The recommendation here is to always hard-encode those configurations in a local file. This can be done adding a --local flag in the poetry config command:

poetry config --local virtualenvs.create true

The above command will create the a poetry.toml file at the root of your project, with the following information:

[virtualenvs]
create = true

This ensures that your configuration is always hard-encoded and replicable.

List the current poetry configuration

This can be done via a simple command:

poetry config --list

Use-case: system-git-client true

I rarely have to define poetry configurations, however it helps me to fix the following problem I encounter from time to time:

(1) I have a CI/CD pipeline running on Gitlab;

(2) This pipeline has 3 different stages: quality-checks, build and deploy;

(3) Each of these stages might require python dependencies. These dependencies are managed by poetry. You need the Gitlab CI/CD runner to install them within the virtual environment where the stages are gonna execute their scripts. This means, you need each job to run poetry install. E.g.:

variables:
  GIT_SUBMODULE_STRATEGY: recursive

stages:
  - test
  - build
  - deploy

quality-checks:
  image: "<your-custom-docker-path>/ci-cd-python-test-harness:latest"
  stage: test
  script:
    - <setup-gitlab-ssh-access>
    - <add-safe-git-directories>
    - poetry install
    - make checks

...

Note: here, the last line make checks triggers a Makefile action, running black, mypy, pylint and pytest on the codebase. You can have a look on what this make command looks like in the snippet immediately below:

black:
    poetry run black .

mypy:
    poetry run mypy <your-src-folder>

pylint:
    poetry run pylint <your-src-folder>

test:
    PYTHONWARNINGS=ignore poetry run pytest -vvvs <your-test-folder>

checks: black mypy pylint test

Thus, I have my CI/CD running poetry install before the CI/CD runner to be able to test my code in its virtual environment.

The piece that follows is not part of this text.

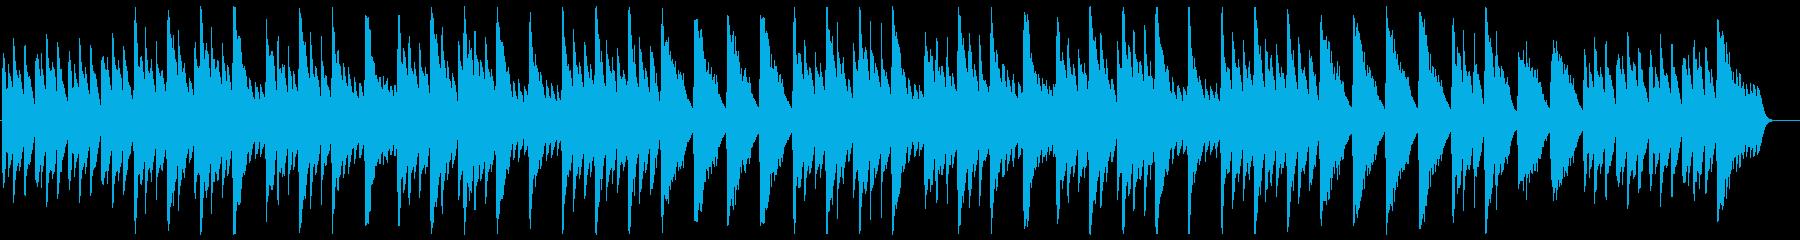 ゆっくりした温かみのあるオルゴールの曲の再生済みの波形

(4) Part of the poetry install will install all the dependencies my project contains, including git submodules. This is exactly where our issue lies!

$ poetry install
Creating virtualenv <your-repository>_-py3.10 in /home/gitlab-runner/.cache/pypoetry/virtualenvs
Installing dependencies from lock file
No git repository was found at ../../<your-submodule-repository>.git
Cleaning up project directory and file based variables
00:01
ERROR: Job failed: exit code 1

In order for your project to be able to use git submodules and the CI/CD to run successfully, you need to run the following command:

poetry config --local experimental.system-git-client true

This creates a poetry.toml file with the following lines:

[experimental]
system-git-client = true

This trick should fix the No git repository was found error occurring in your CI/CD pipeline.

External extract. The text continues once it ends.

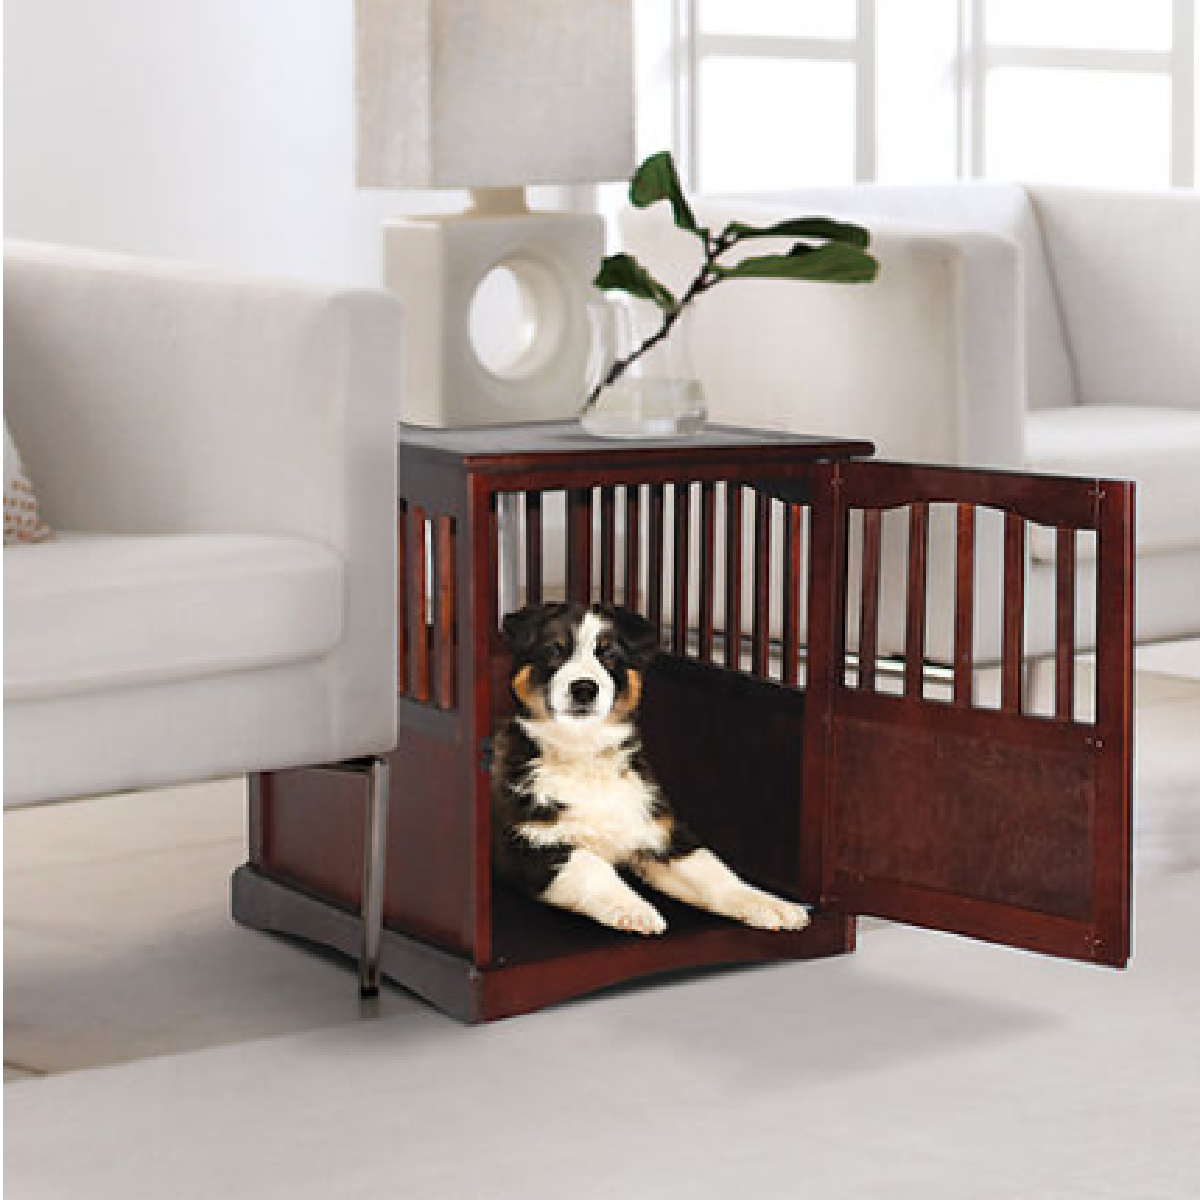 cadeaux 2 ouf id es de cadeaux insolites et originaux une niche d int rieur qui fait aussi. Black Bedroom Furniture Sets. Home Design Ideas

Use Python Fixtures in Classes

TL;DR: use scope, @pytest.mark.usefixtures and request.cls to define your fixture as attribute of the class.

With pytest you can use fixtures to have a nice delimitation of responsibilities within your test modules, sticking to the Arrange-Act-Assert pattern:

import pytest

@pytest.fixture()
def get_some_data():
    yield "get some data"

def test_reading_data(get_some_data):
    assert get_some_data == "get some data"

If the following code works, what about if you want to organize your tests functions within classes? Naively you would assume the following to be a fair implement:

import pytest

@pytest.fixture()
def get_some_data():
    yield "get some data"

class TestDummy(unittest.TestCase):

    def test_dummy(self, get_some_data):
        assert get_some_data() == "get some data"

Running poetry run pytest -vvvs tests/path/to/test_module.py will return the following error in the traceback:

E       TypeError: TestDummy.test_dummy() missing 1 required positional argument: 'get_some_data'

In order to use python fixture within a class, you need to edit the above snippet for the following as you cannot call fixtures directly:

import pytest

@pytest.fixture()
def get_some_data():
    yield "get some data"

class TestDummy(unittest.TestCase):

    @pytest.fixture(autouse=True)
    def _get_some_data(self, get_some_data):
        self.get_some_data = get_some_data

    def test_dummy(self):
        assert self.get_some_data == "get some data"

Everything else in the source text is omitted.